If you're promoting or buying programming during this year's Digital Content NewFronts, one question you'll inevitably hear from clients is: "Yes, it's good—but is it as good as television?" Every service, ad-supported or not, is trying to establish a brand with content its users can't get anywhere else, and some are definitely better than others. Here, five very different shows that make good on the oft-broken promise of top-tier, entertaining video that's not found on linear television.
What’s dark as pitch and British all over? Why, it’s Black Mirror, Charlie Brooker’s bleak, satirical anthology series about contemporary technology and all the ways it separates us from each other under the guise of drawing us together. The horrifying premiere episode, The National Anthem, is a small masterpiece but has taken a while to get stateside, possibly because the whole series is a mere six episodes (two seasons of three) and possibly because it plays like a hard-R Outer Limits. Now it arrives here courtesy of DirecTV, which seems to have realized it can’t just provide the video content everybody else has anymore—rather, it has to have something special just for its own subscribers.
One of most undeservedly obscure streaming services out there is Acorn, a subscription-based Web platform featuring every great British miniseries you know (and quite a few that haven’t yet made it across the pond) in its library. Among its offerings: Foyle’s War, a 90-minute mystery series about a middle-aged detective vet who isn’t allowed to serve in World War II. Instead, he’s charged with solving all the murders, arsons and robberies that go on in his quaint little English town asit crumbles around his ears.
I F***ing Love Science
Discovery Communications decided not too long ago that it would make its own Web platforms loosely connected to its linear networks but with content all their own. TestTube, digital sister of cable network Science, has some great stuff available by way of I F***ing Love Science, a weekly science news show hosted by Elise Andrew that plays a little like a foulmouthed version of the Harper’s Index. It’s a little lo-fi for a series about the latest and greatest in science news, but the content is fascinating.
Digital comedy network JASH is basically Adult Swim—but on YouTube, and with more swearing. Probably the best offerings on the mini-network come from the great Sarah Silverman (whose material includes a fun music video for her song “Diva”), but there’s also content from Tim Heidecker and Eric Wareheim, Reggie Watts, and Michael Cera. YouTube’s Original Channel Initiative (which debuted amid much sound and fury in 2012) didn’t generate much viewer interest, but JASH is exactly the kind of destination that attracts attention in a market packed with content: relatively high-budget video created by professional comedians who have established TV chops.

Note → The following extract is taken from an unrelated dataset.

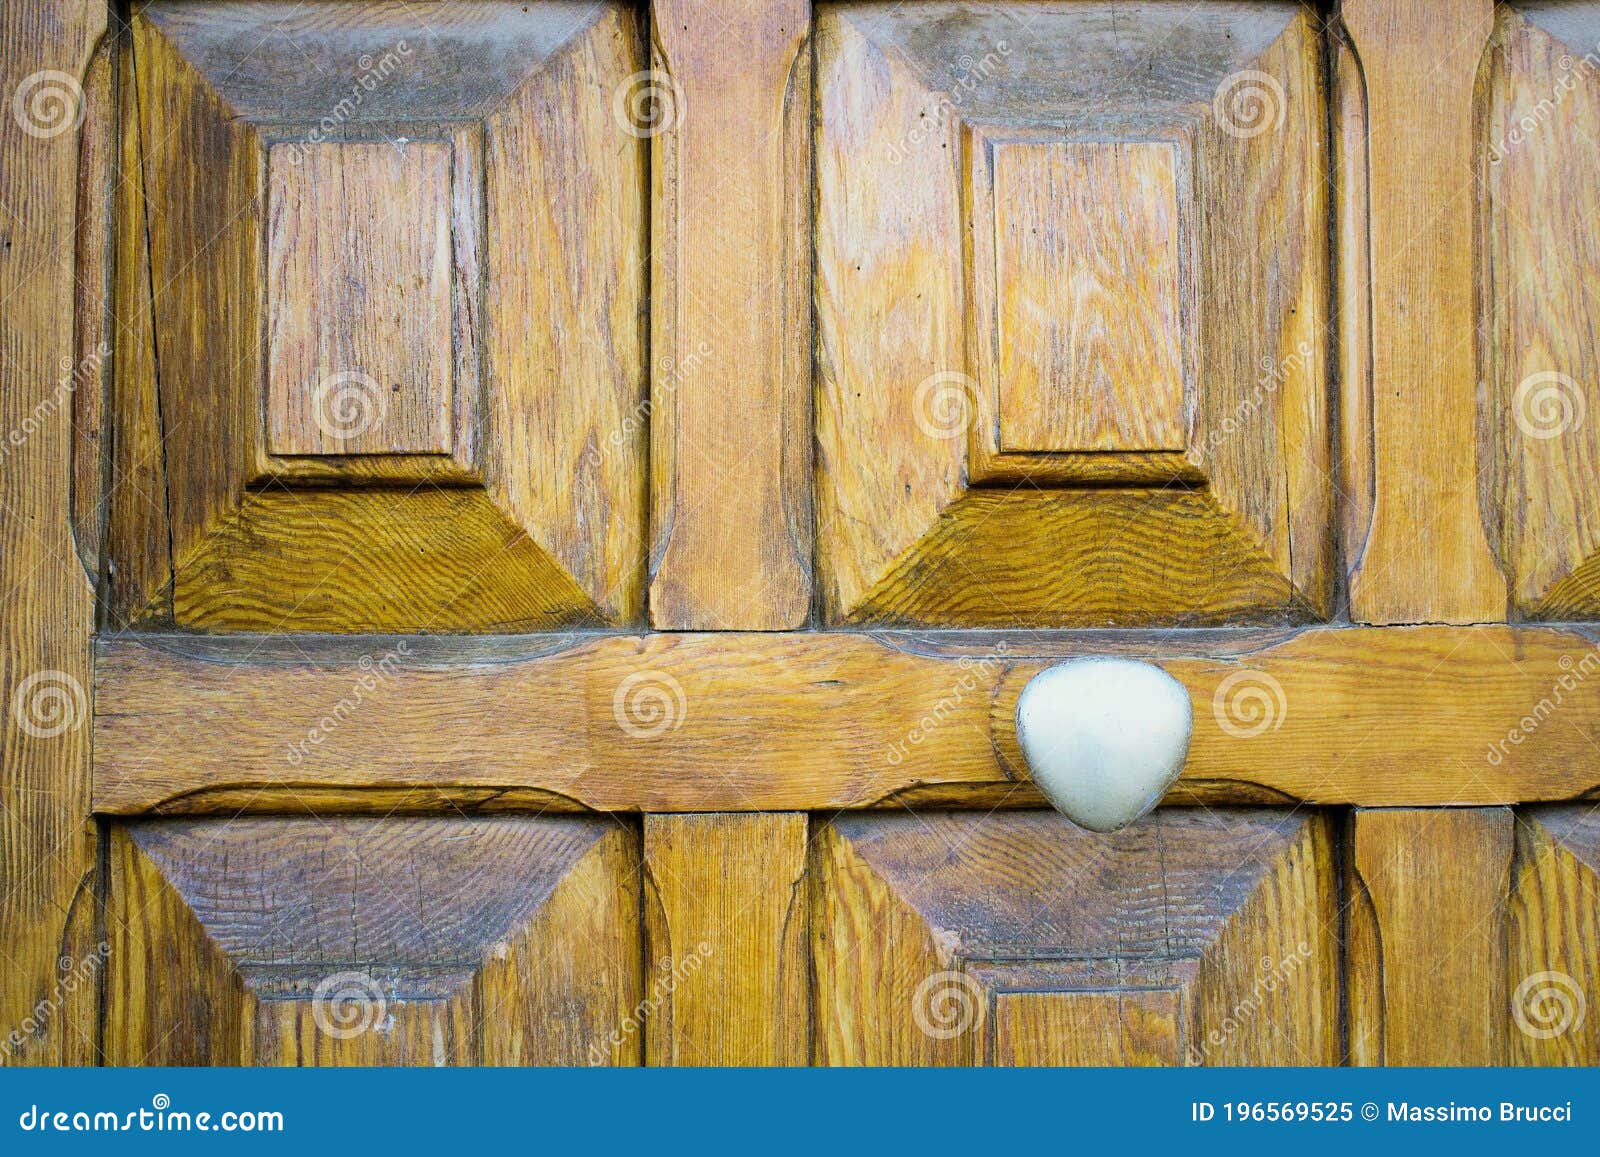 old wooden entrance door with handle
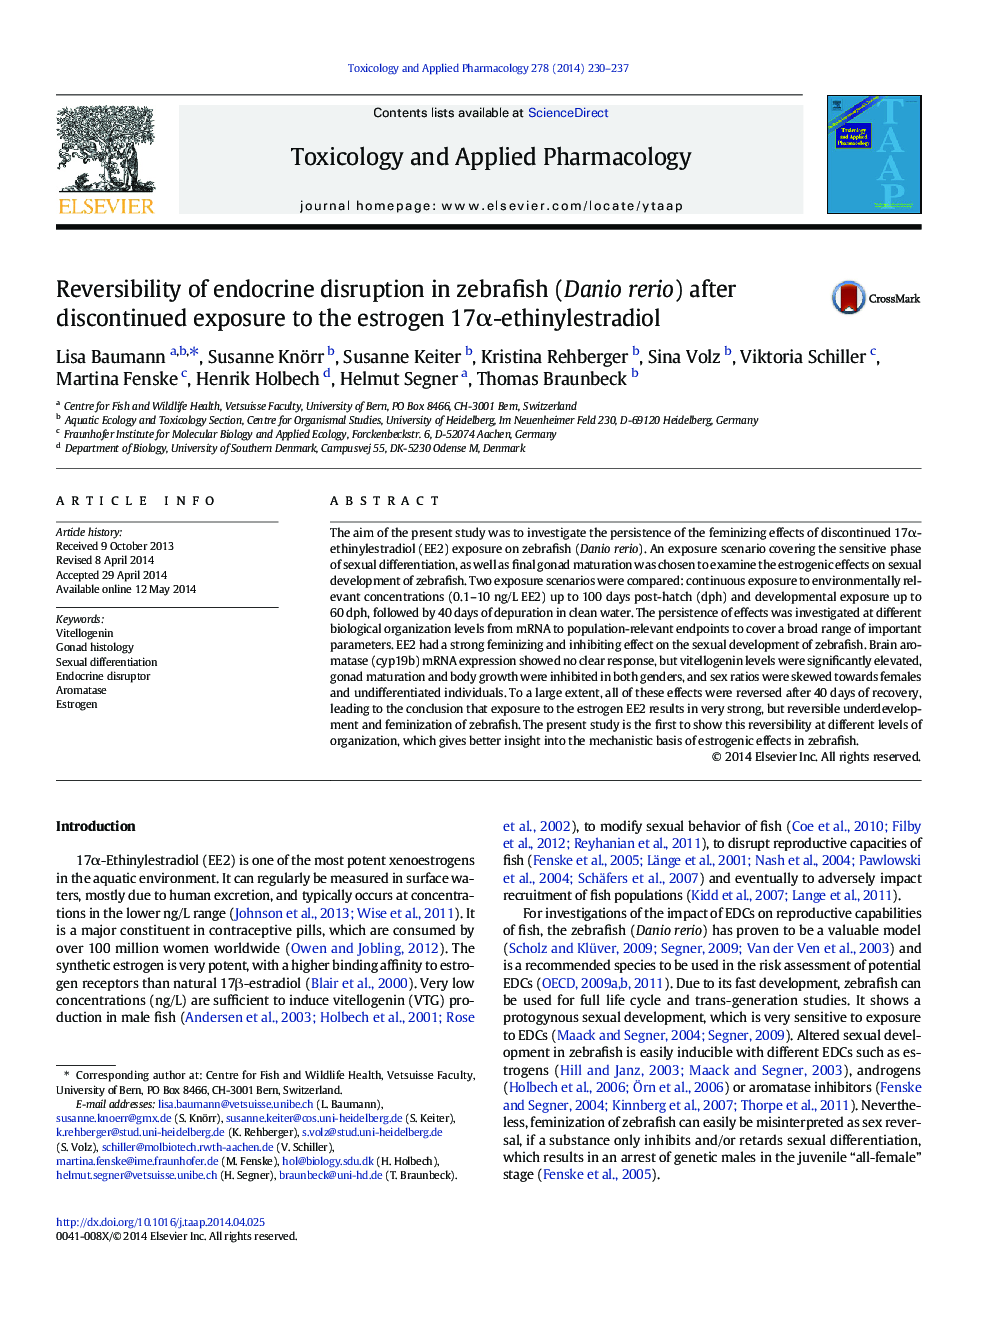 Reversibility of endocrine disruption in zebrafish (Danio rerio) after discontinued exposure to the estrogen 17Î±-ethinylestradiol

Minus the truly regrettable pun in the title, the pilot for Amazon’s new show Transparent (about a parent … well, watch the show) doesn’t strike a single false note. Jill Soloway, formerly showrunner of Showtime’s United States of Tara and other high-profile series, wrote and directed the first episode of hopefully many to come about a family of messed-up Angelenos and their dad, played by the remarkable Jeffrey Tambor (Arrested Development), who is dealing with a crisis of his own. It’s tender, it’s funny, and it’s perfectly pitched.